Single by The Black Crowes

from the album Shake Your Money Maker
- Released: December 31, 1990
- Recorded: 1989
- Genre: Blues rock, southern rock
- Length: 4:10
- Label: Def American
- Songwriter(s): Chris Robinson and Rich Robinson
- Producer(s): George Drakoulias

The Black Crowes singles chronology
| "Hard to Handle" (1990) | "Twice as Hard" (1990) | "She Talks to Angels" (1990) |

= Twice as Hard =

"Twice as Hard" is a song by American southern rock band the Black Crowes, released as a single in 1990. It is from their first album Shake Your Money Maker. The song reached No. 11 on the Billboard Mainstream Rock chart.

A music video directed by Pete Angelus was shot in 1990 to promote the single. It features the band playing the song at night in a mansion. The band is also shown having a daytime lunch during the guitar solo.
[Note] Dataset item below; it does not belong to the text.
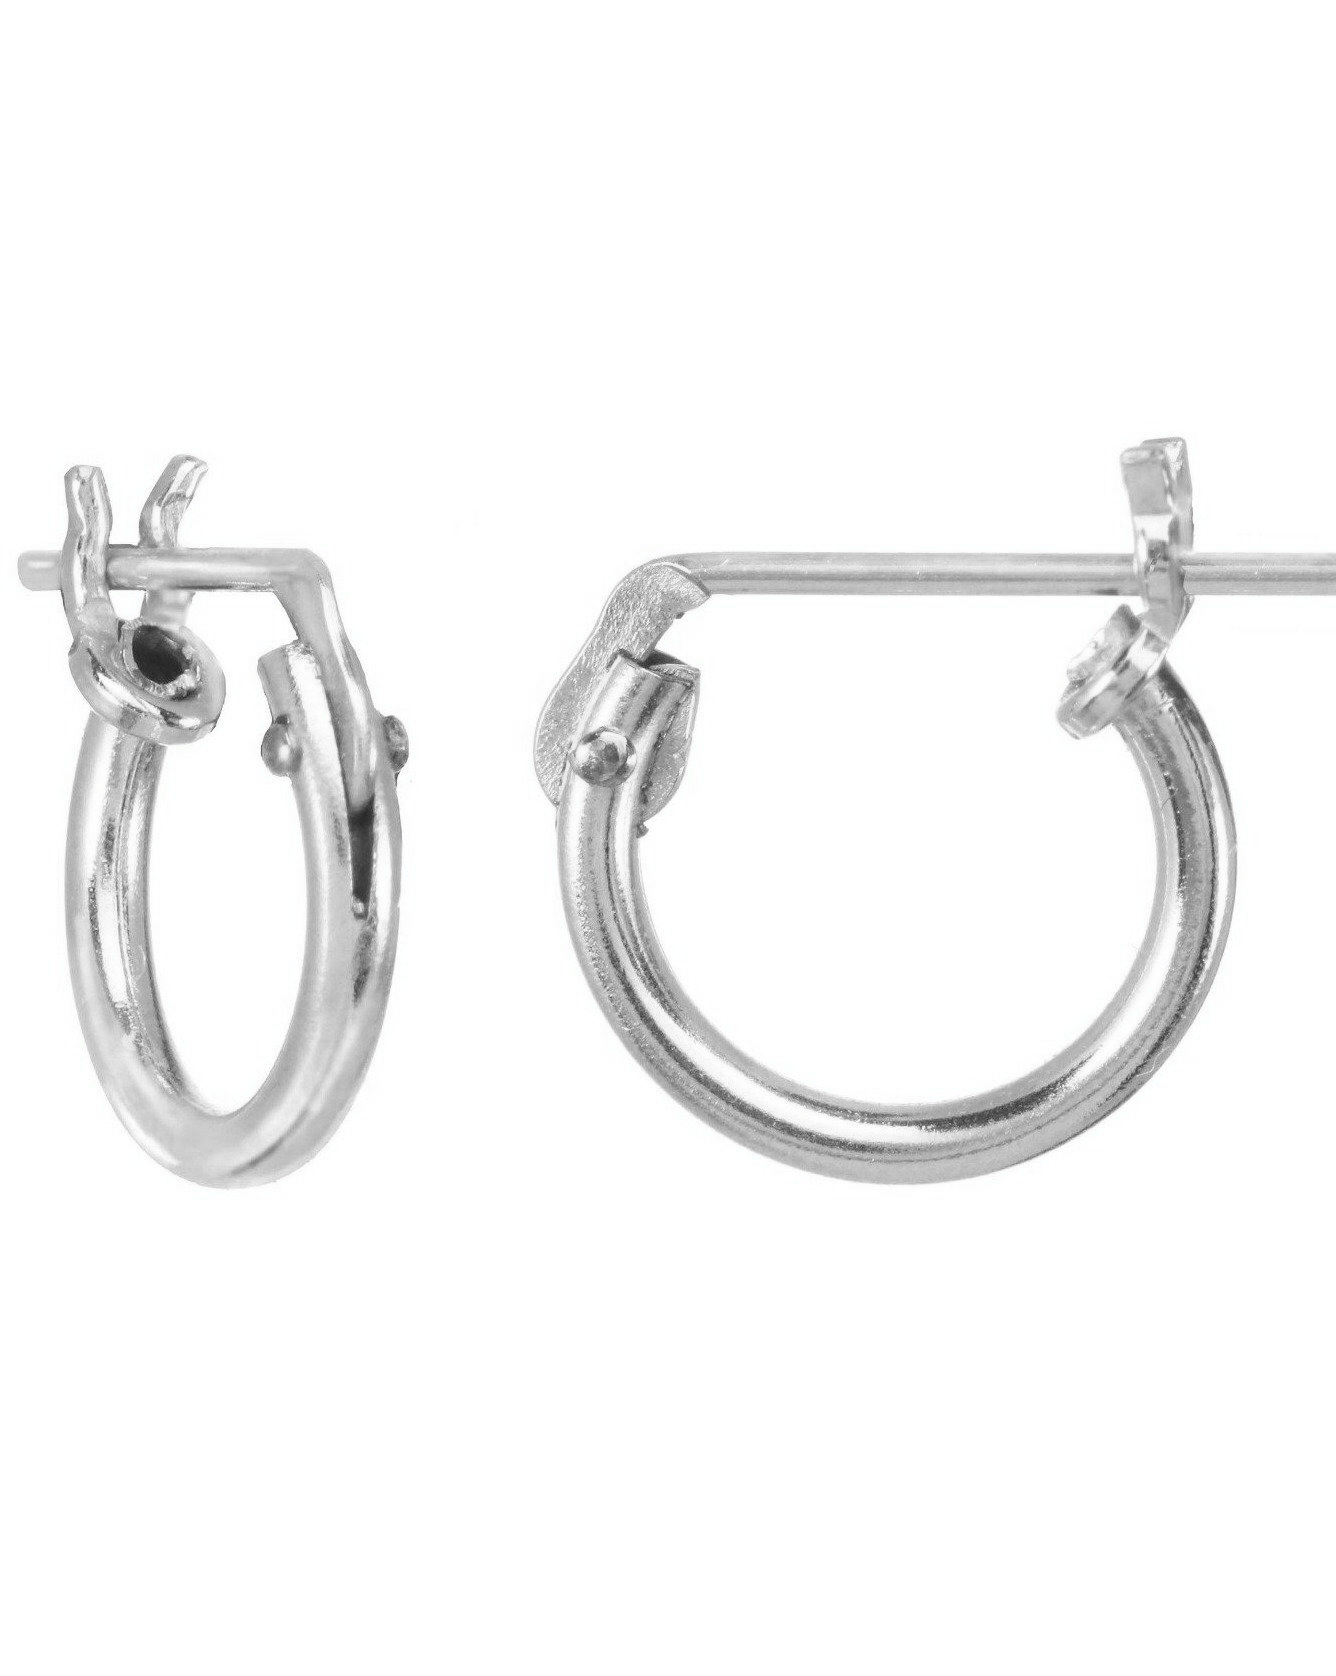 Thin Micro Hoop Earrings by KOZAKH. 12mm snap closure hoop earrings, crafted in Sterling Silver.

In addition to being the first track on Shake Your Money Maker, "Twice as Hard" is also included on the Crowes' Greatest Hits 1990–1999: A Tribute to a Work in Progress compilation and the 2002 album Live. The song is in the key of G major.

==In other media==
- In 1998, the song was performed on the Jools Holland show with Kelly Jones of the Stereophonics.
- "Twice as Hard" is used in the films Mad Dog and Glory and Ladder 49.